MLCommons and Hugging Face Release Massive Speech Dataset for AI Research
In a groundbreaking collaboration, MLCommons, a nonprofit AI safety working group, has partnered with Hugging Face, a leading AI development platform, to release one of the world’s largest collections of public domain voice recordings. The dataset,aptly named Unsupervised People’s Speech,boasts over a million hours of audio spanning at least 89 different languages. This release aims to support research and development in “various areas of speech technology,” according to MLCommons.
The initiative is driven by a desire to democratize access to speech technology research. “Supporting broader natural language processing research for languages other than English helps bring communication technologies to more people globally,” MLCommons stated in a recent blog post. The association anticipates that the dataset will fuel advancements in low-resource language speech models, improve speech recognition across diverse accents and dialects, and inspire novel applications in speech synthesis.

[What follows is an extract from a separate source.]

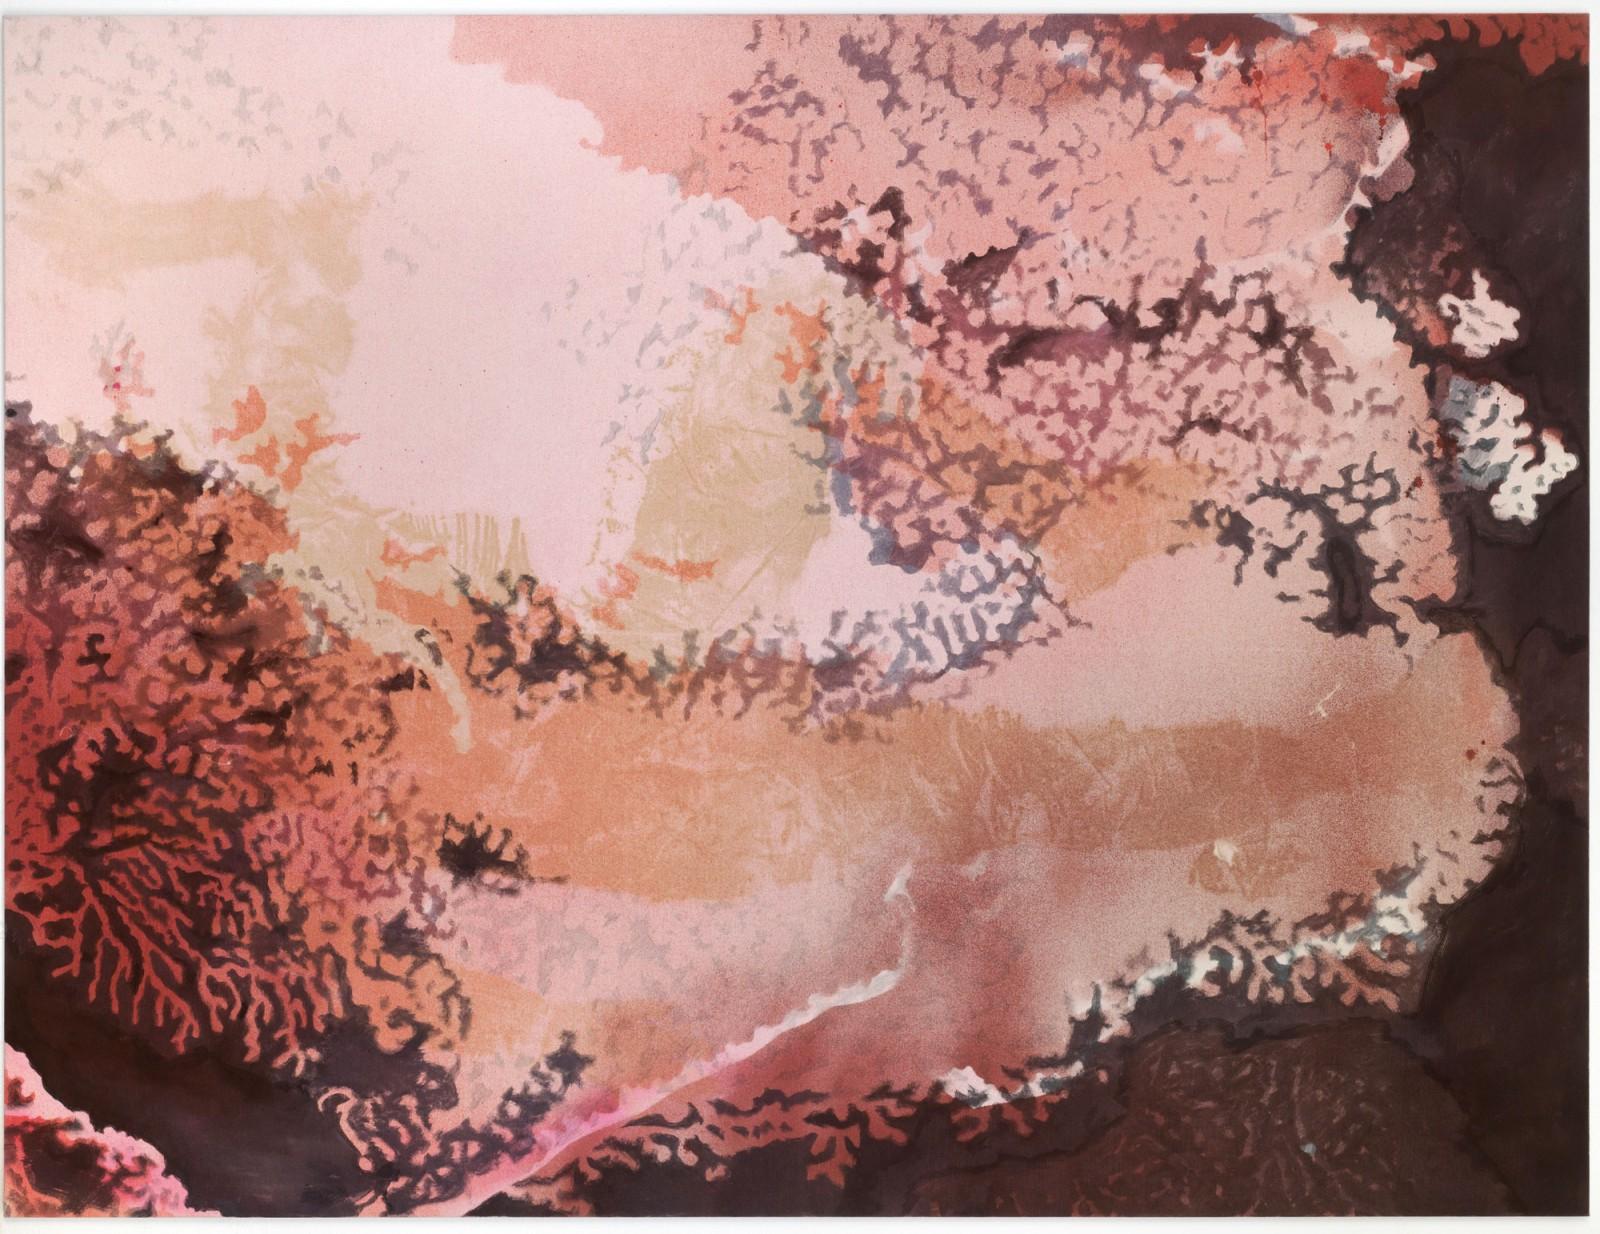 Kim Nekarda: pequod, 2011, vinyl color, poppy oil & body print on cotton, 150 x 200 cm
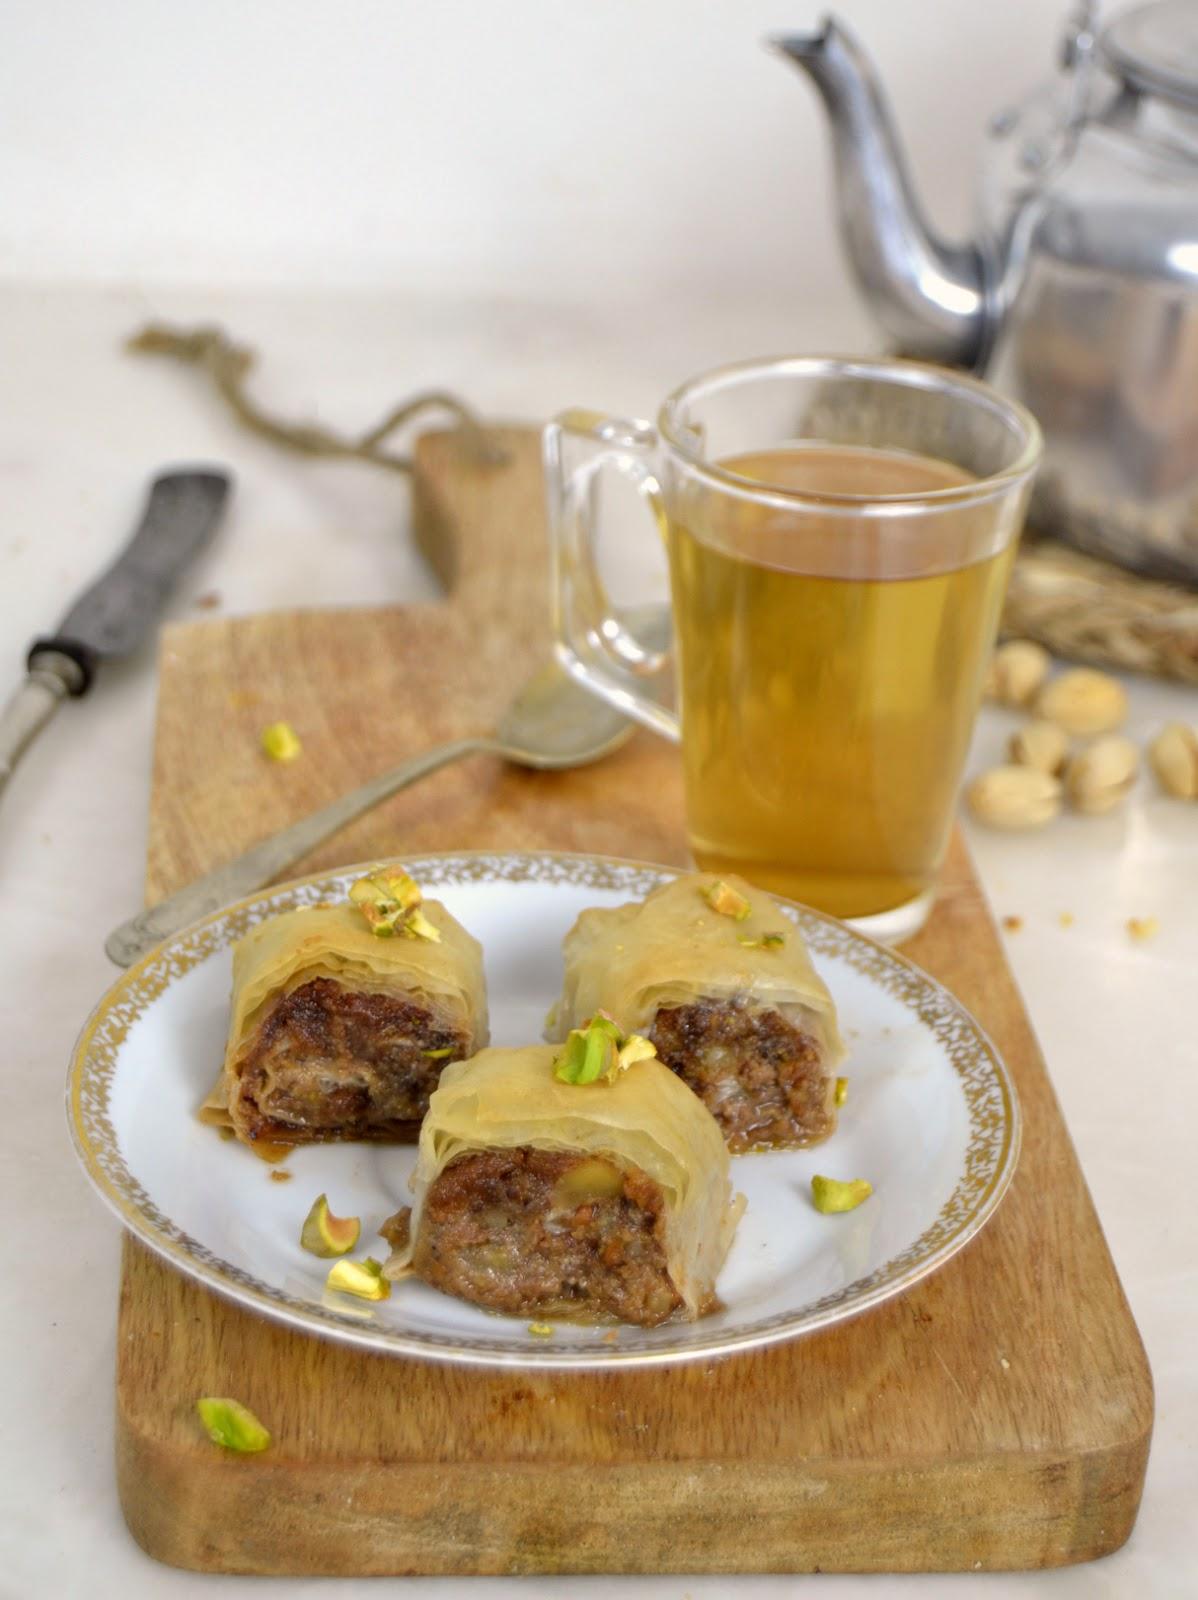 Pastelitos árabes de frutos secos

Though, the release of such a massive dataset is not without its challenges. One significant concern is biased data. The recordings in Unsupervised People’s Speech were sourced from Archive.org, a nonprofit best known for its Wayback Machine web archival tool. Given that many of Archive.org’s contributors are English-speaking Americans, the dataset is predominantly composed of American-accented English. This imbalance could lead to AI systems trained on the dataset struggling with non-native English speakers or languages other than English.
Another issue is the potential inclusion of recordings from individuals unaware their voices are being used for AI research. While MLCommons asserts that all recordings are either public domain or available under Creative commons licenses, the possibility of errors remains. A recent MIT analysis highlighted that hundreds of publicly available AI training datasets lack proper licensing information and contain inaccuracies.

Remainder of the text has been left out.